Although morphea is rarely life-threatening, it can lead to significant functional and cosmetic morbidity.⁷ While the disease may be self-limited in some cases, it more commonly follows a chronic or relapsing–remitting course, resulting in a substantial cumulative disease burden over time.⁸

Morphea temporally associated with vaccination is a rare occurrence and, despite its chronic and potentially relapsing course, remains a treatable condition.¹⁴ Notably, spontaneous remission has been reported in a subset of patients.⁶ These observations underscore the importance of avoiding undue alarm and emphasize the need for individualized clinical assessment and management, as patient responses to disease processes, pharmacologic therapies, and vaccinations may vary.¹⁴ Importantly, the well-established benefits of vaccination substantially outweigh the potential risks.¹⁴ Consequently, rare adverse cutaneous events such as morphea should not deter vaccination, particularly in the context of ongoing public health challenges.

CONCLUSION

Although morphea can result in functional and cosmetic impairment, it is rarely life-threatening. The disease may be self-limited in some individuals; however, it more commonly follows a chronic or relapsing–remitting course, leading to a substantial cumulative disease burden over time. Given the wide range of vaccines reported in association with morphea, it has been suggested that injection-related trauma or vaccine preservatives, rather than specific vaccine antigens, may act as potential triggers. Mechanical trauma from vaccination may initiate an exaggerated wound-healing response, resulting in dysregulated fibrosis. UVA1 phototherapy is an effective therapeutic modality for the management of inflammatory and sclerosing cutaneous disorders, including morphea.

PATIENT PERSPECTIVE

Before starting the treatment, my skin felt very tight and hard, which made it difficult for me to move comfortably and do activities of daily living. I cannot play sports with my friends due to the limitation of movement. When I started phototherapy, I did not know what to expect, but the treatments were generally tolerated.
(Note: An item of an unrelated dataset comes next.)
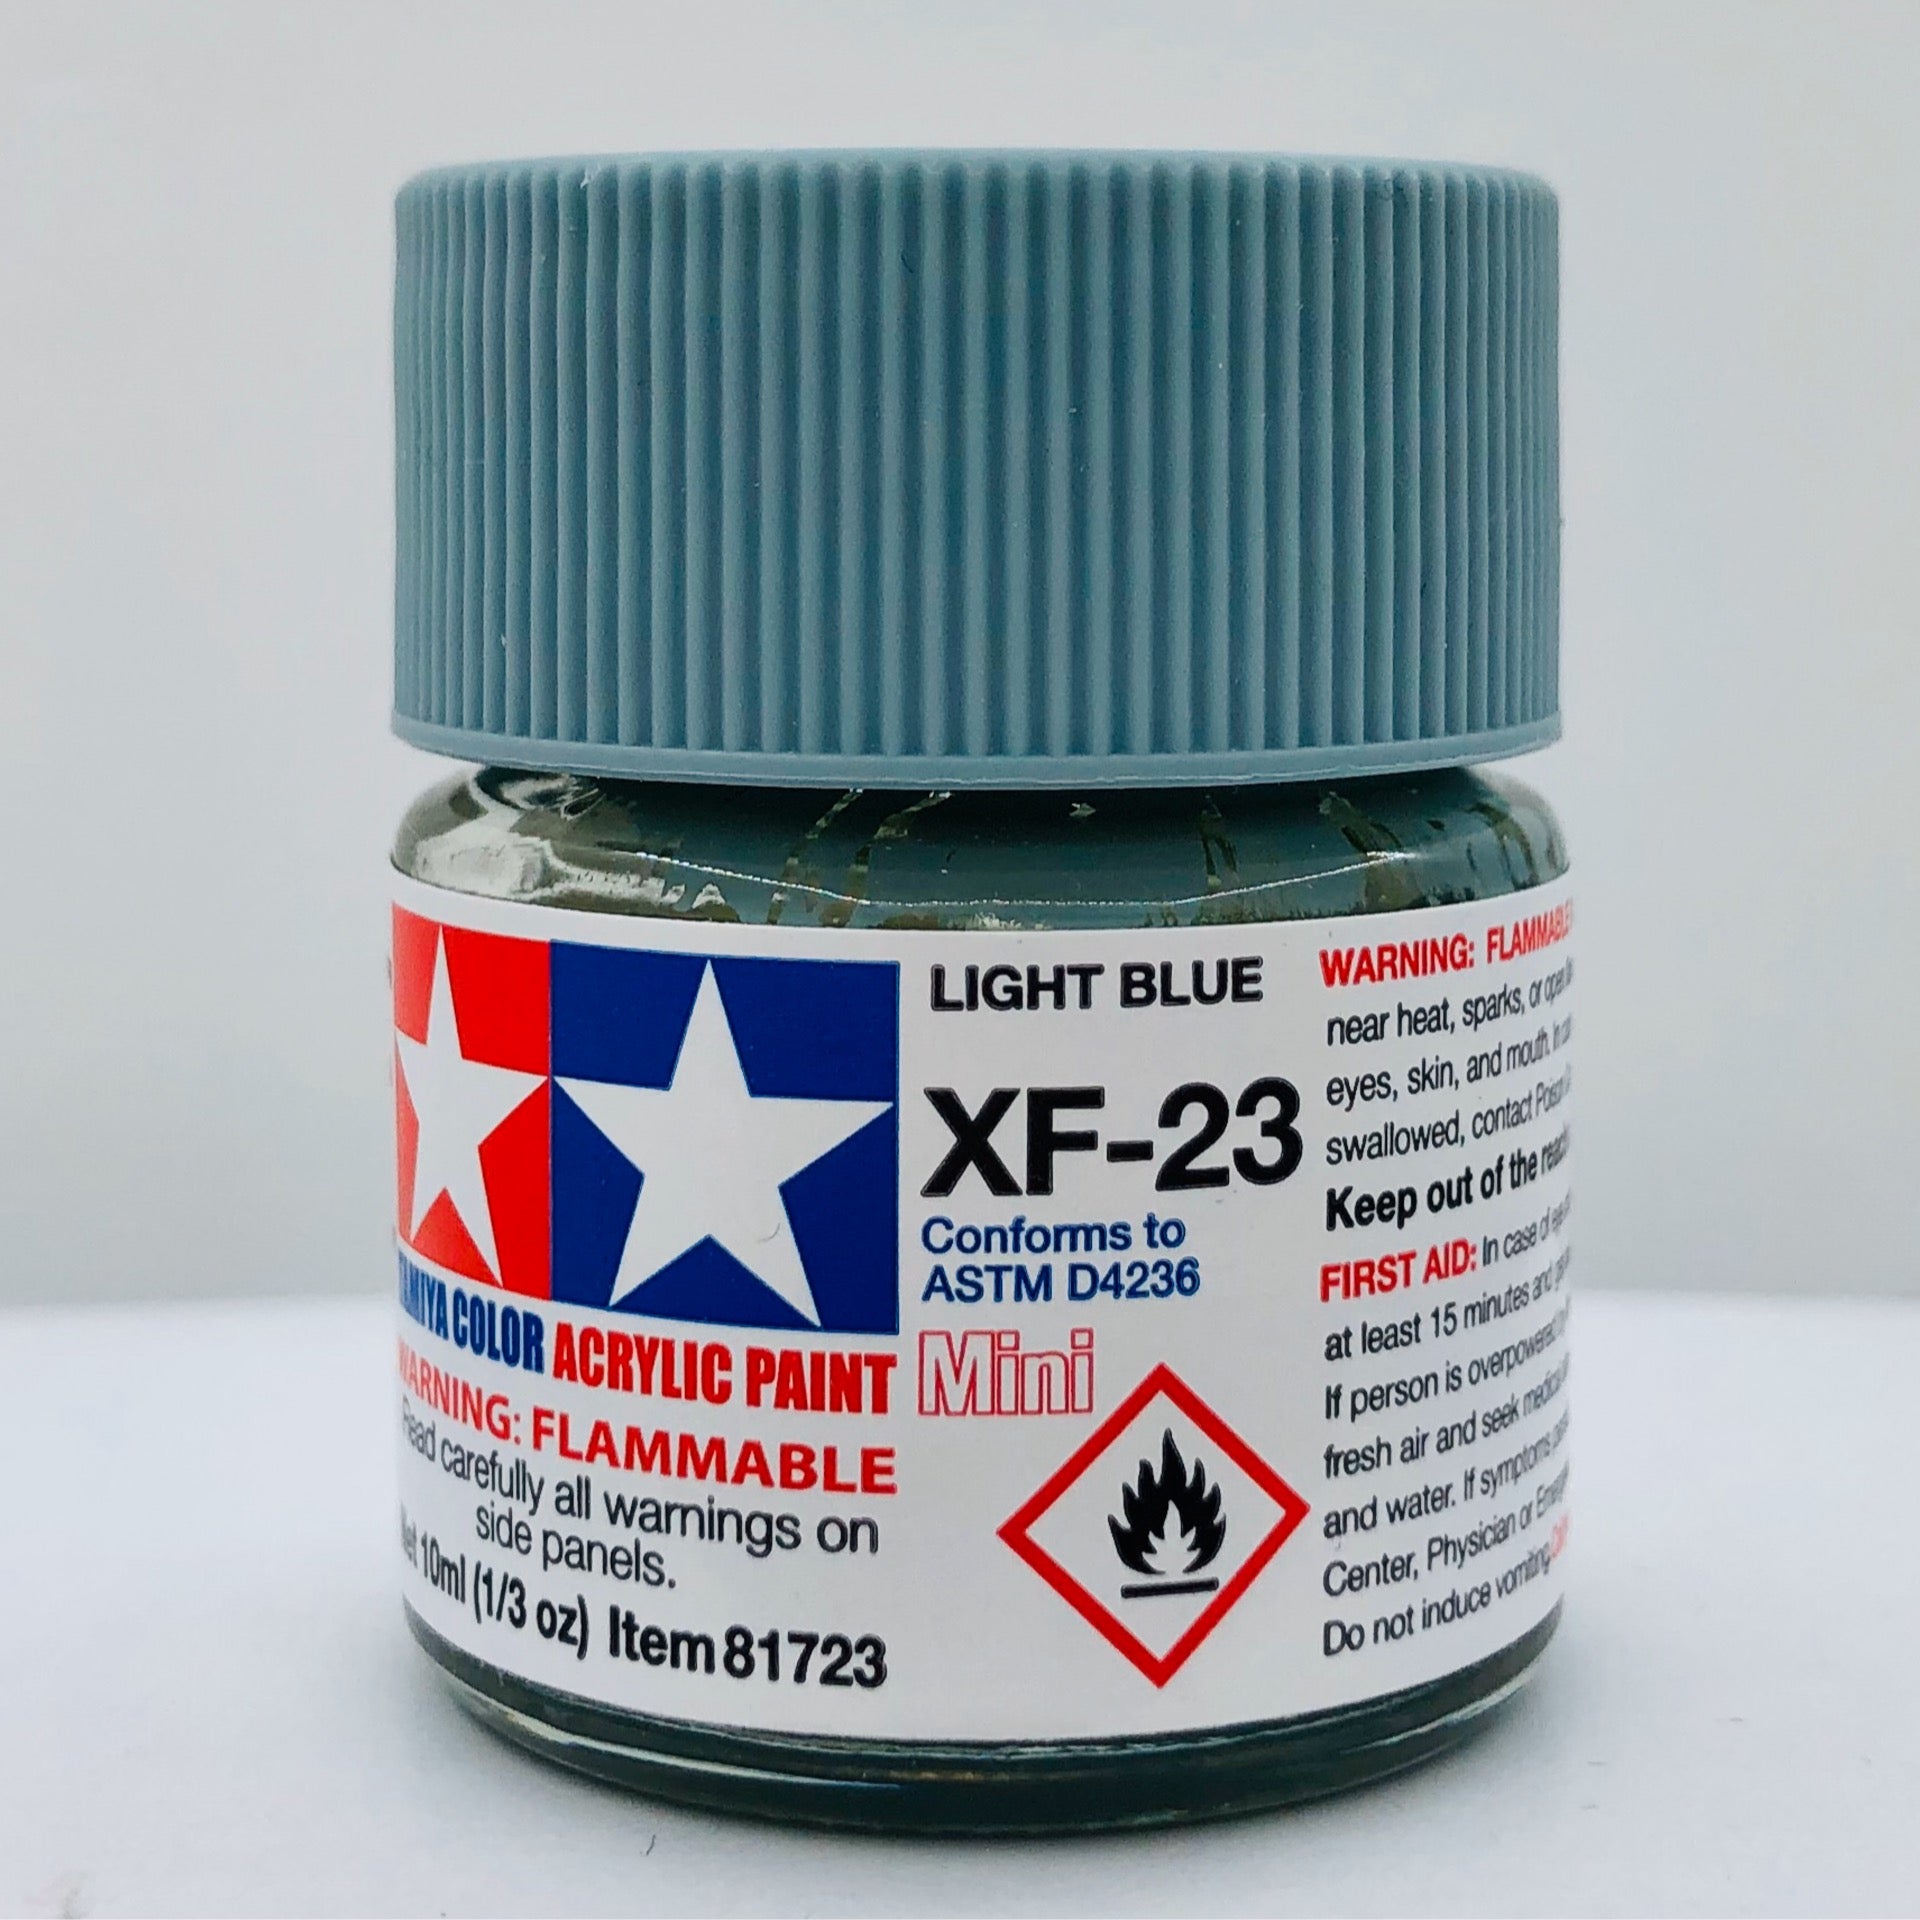 Tamiya XF-23 Light Blue

One downside was I had to stand up for a long period of time since the duration of treatment became progressive over time. During my phototherapy sessions, I watched short films to keep myself entertained, which helped pass the time without me noticing it. After completing the treatment, I noticed that my skin became softer and less tight. I was able to move more easily, and my daily activities were less difficult. I felt relieved and more confident with the improvement.